It does not tend towards magic. It does happen and people can replicate it. Melanie Mitchell recently brought back the point by Drew McDermott that AI people tend to use wishful mnemonic. Words like understanding or generalisation can easily be just a wishful mnemonic. I fully agree with that.
But the fact remains. A model that has ~100% training accuracy and ~0% validation accuracy on simple but non-trivial dataset is able to reach ~100% training and ~100% validation accuracy.
> This hints to the fact that the effect depends on the structure of the dataset and so it's unlikely to, well, generalise to data that cannot be strictly controlled.
Indeed, but it is still interesting. It may be that it manifests itself because there is a very simple rule underlying the dataset and the dataset is finite. But it also seems to work under some degree of noise and that's encouraging.
For example, the fact that it may help study connection of wide, flat local-minima and generalization is encouraging.
> You are impressed by the fact that one particular, counter-intuitive result was obtained
I'm impressed by double descent phenomenon as well. And this one shows up all over the place.

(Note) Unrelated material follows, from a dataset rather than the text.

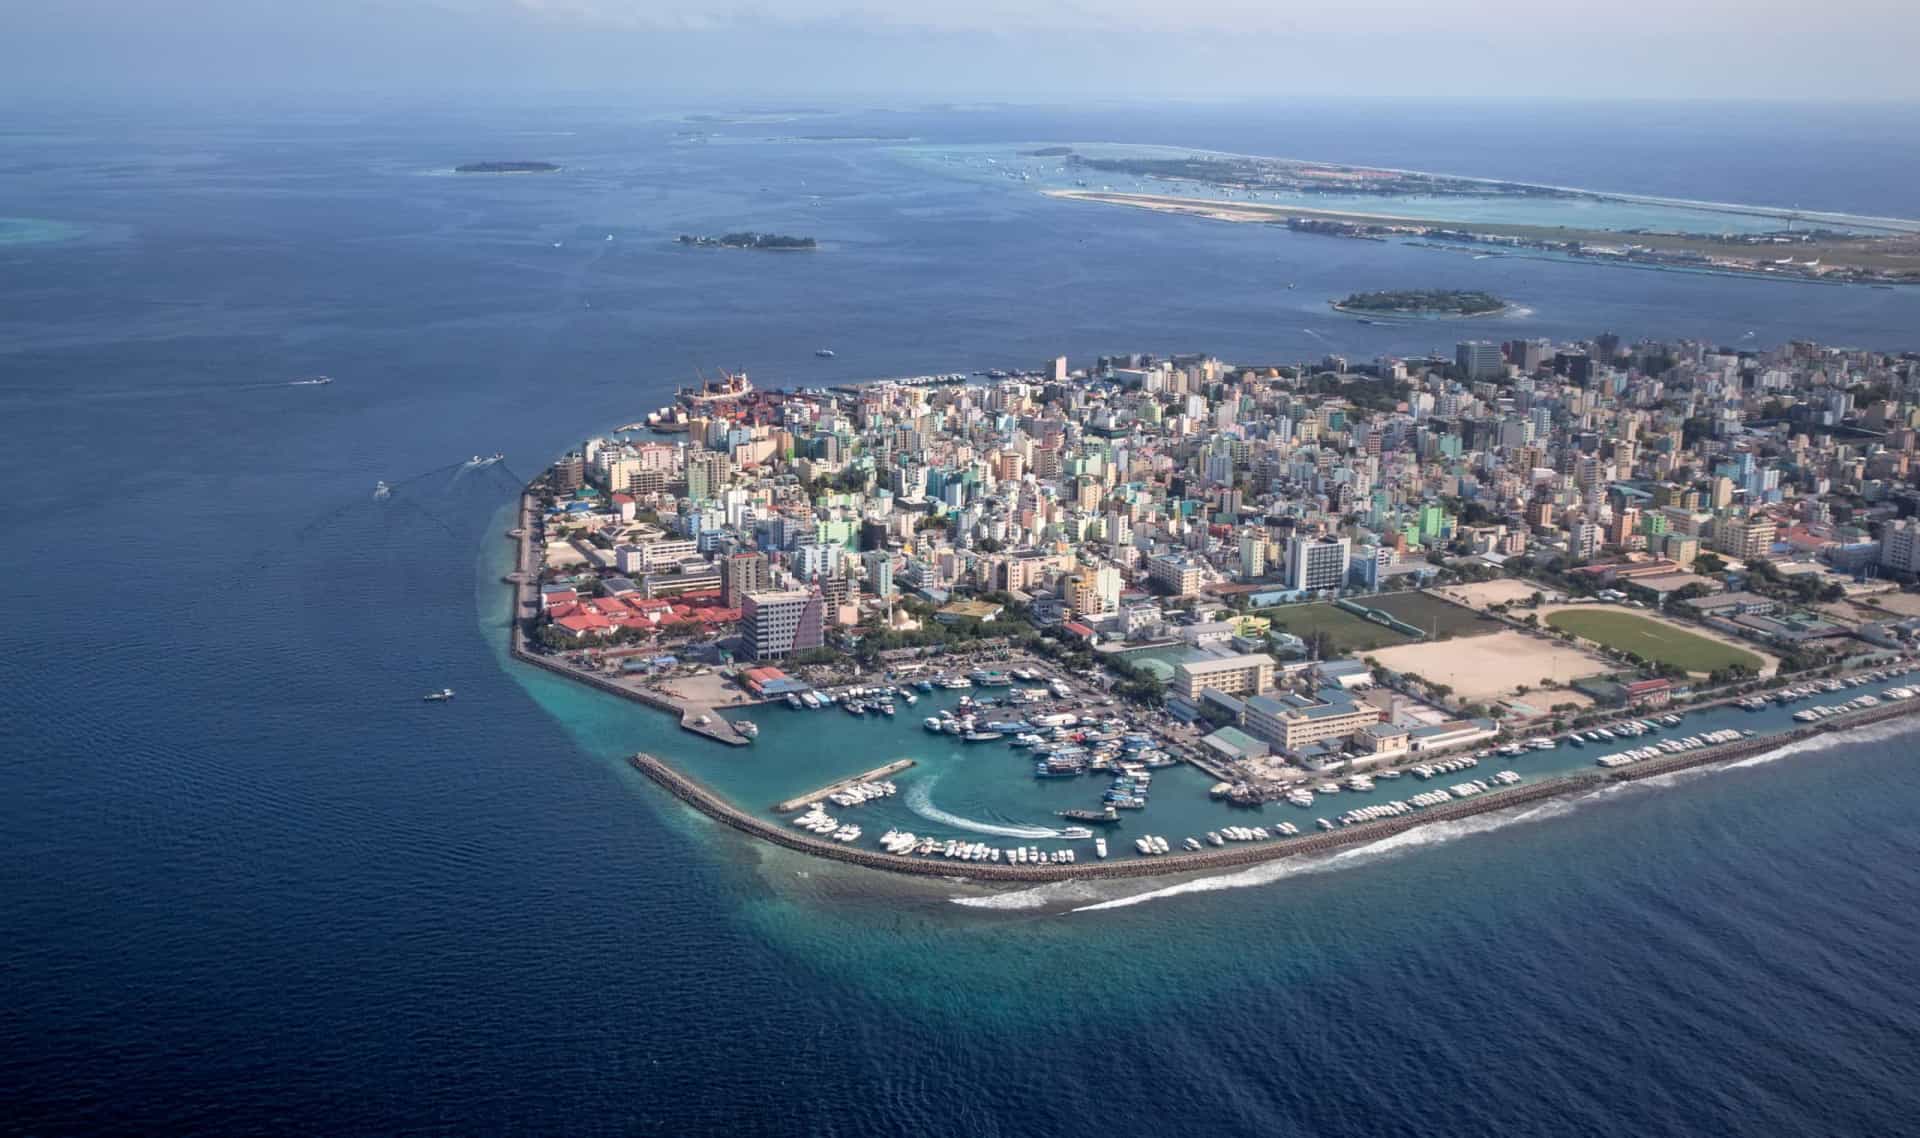 <p>The capital city is a sight to behold not in terms of beauty, but because of the ingeniousness with which they have constructed a city on a sand island. When you fly into the Maldives, you will almost certainly land here. It's worth taking a peek around.</p>
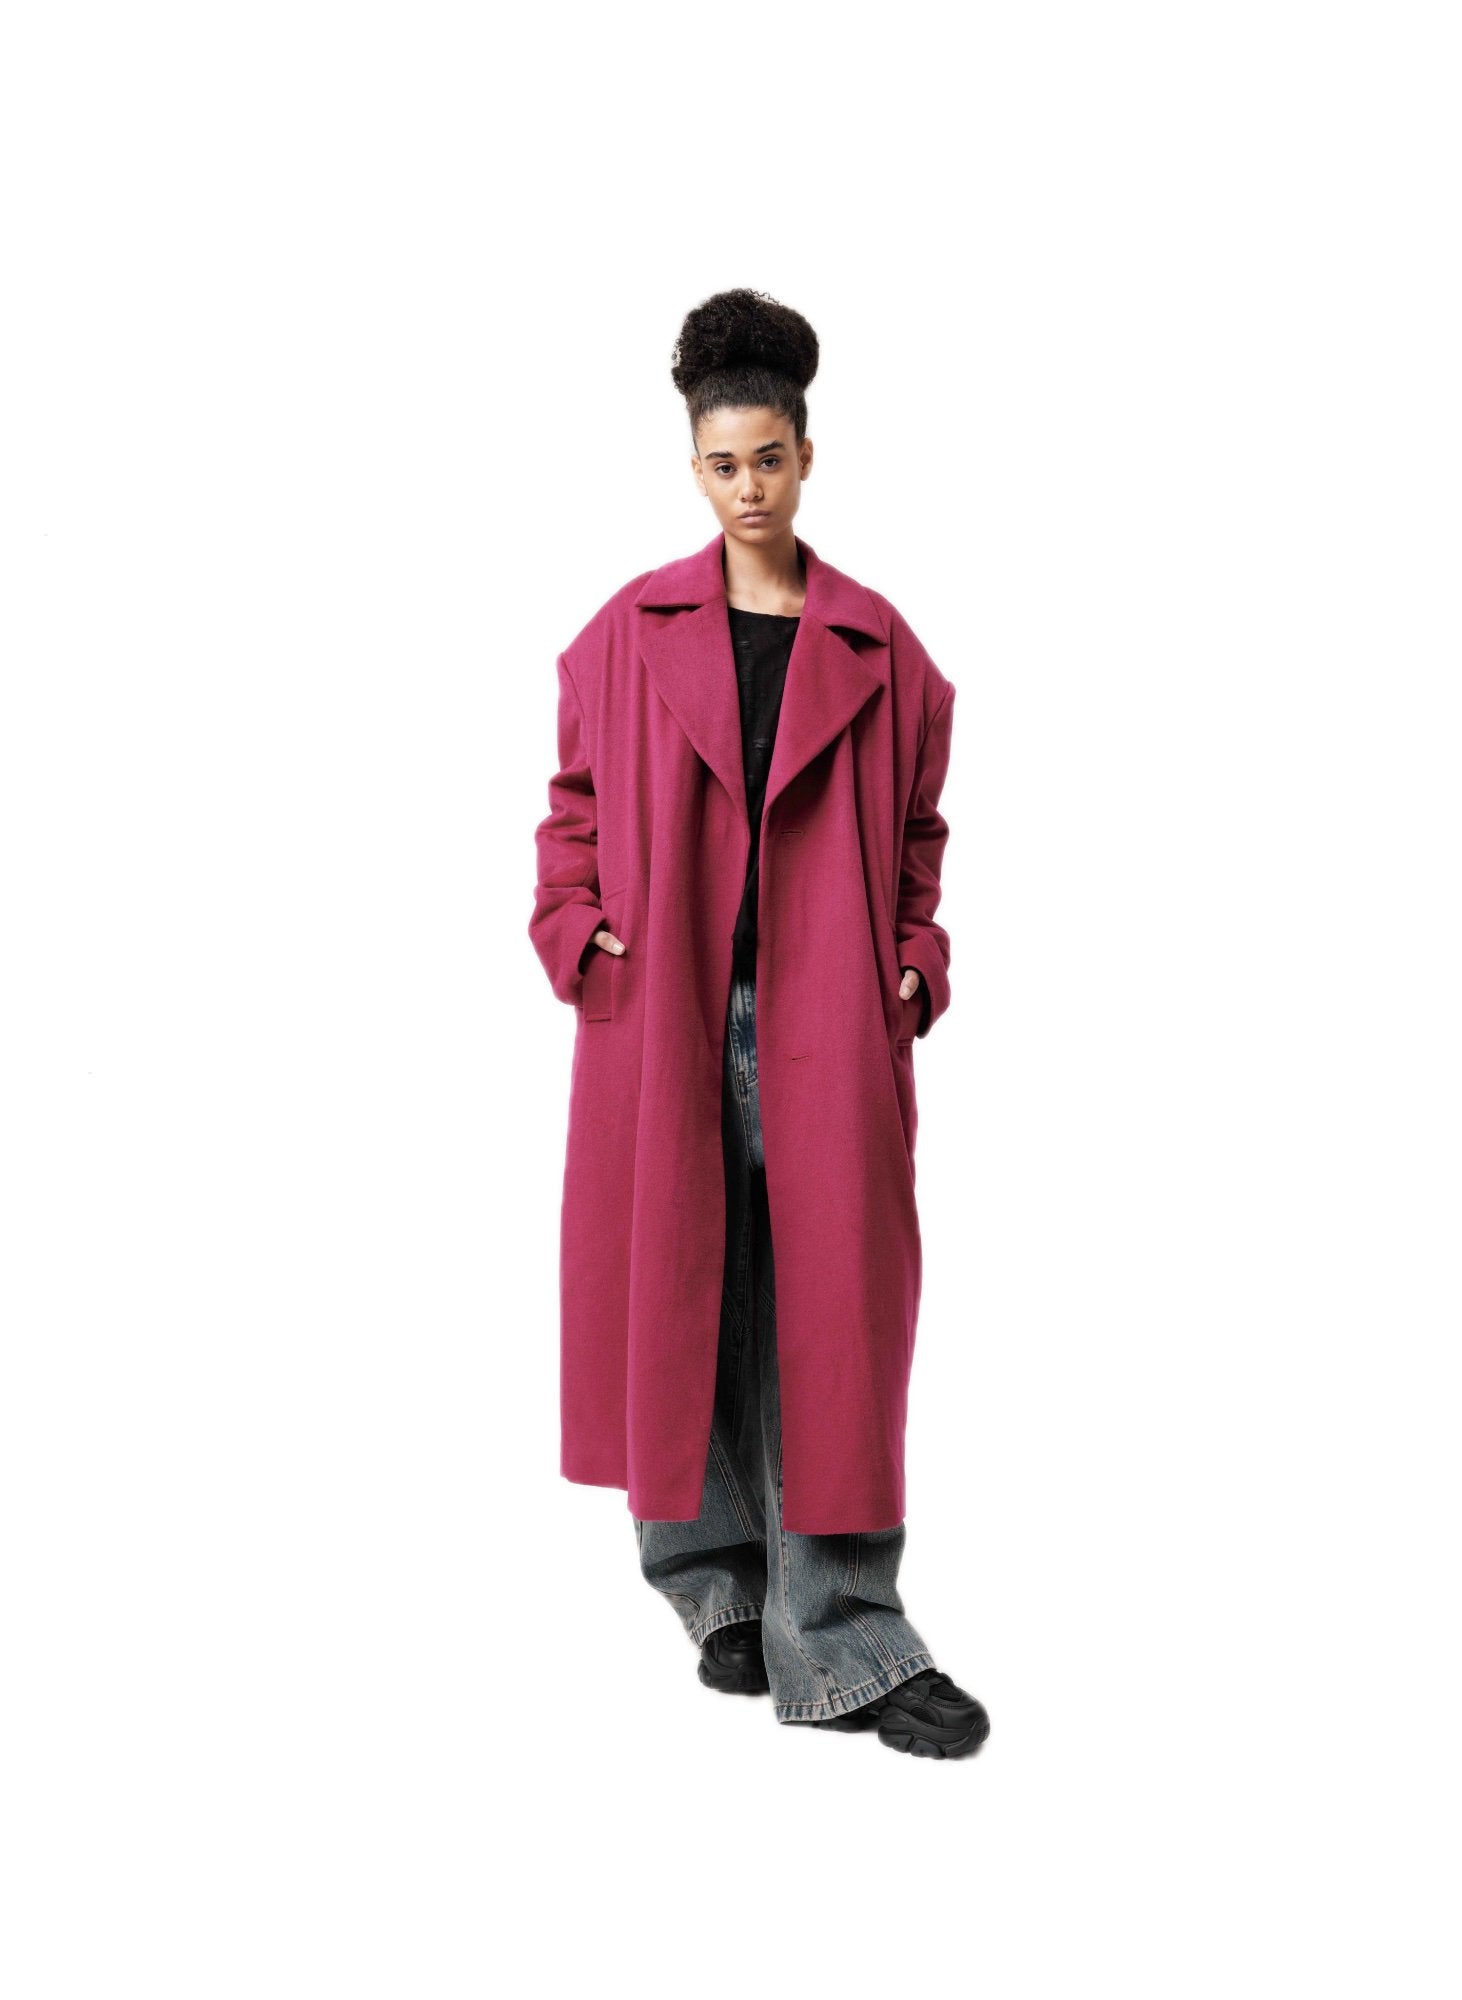 VANN VALRENCÉ Berry Purple Loose Fit Woolen Coat | MADA IN CHINA

> There is a well-known paper by John Ioannidis on cognitive biases in medical research: Why most published research findings are false
I know about John Ioannidis. I was writing and thinking a lot about replication crisis in science in general. BTW - it's quite a pity that Ioannidis himself started selecting data towards his thesis with regard to COVID-19.
> It's not about machine learning per sé, but its observations can be applied to any field where empirical studies are common, like machine learning.
Unfortunately, it applies to theoretical findings too. For example, universal approximation theorem, no free lunch theorem or incompleteness theorems, are widely misunderstood. There are also countless less known theoretical results that are similarly misunderstood.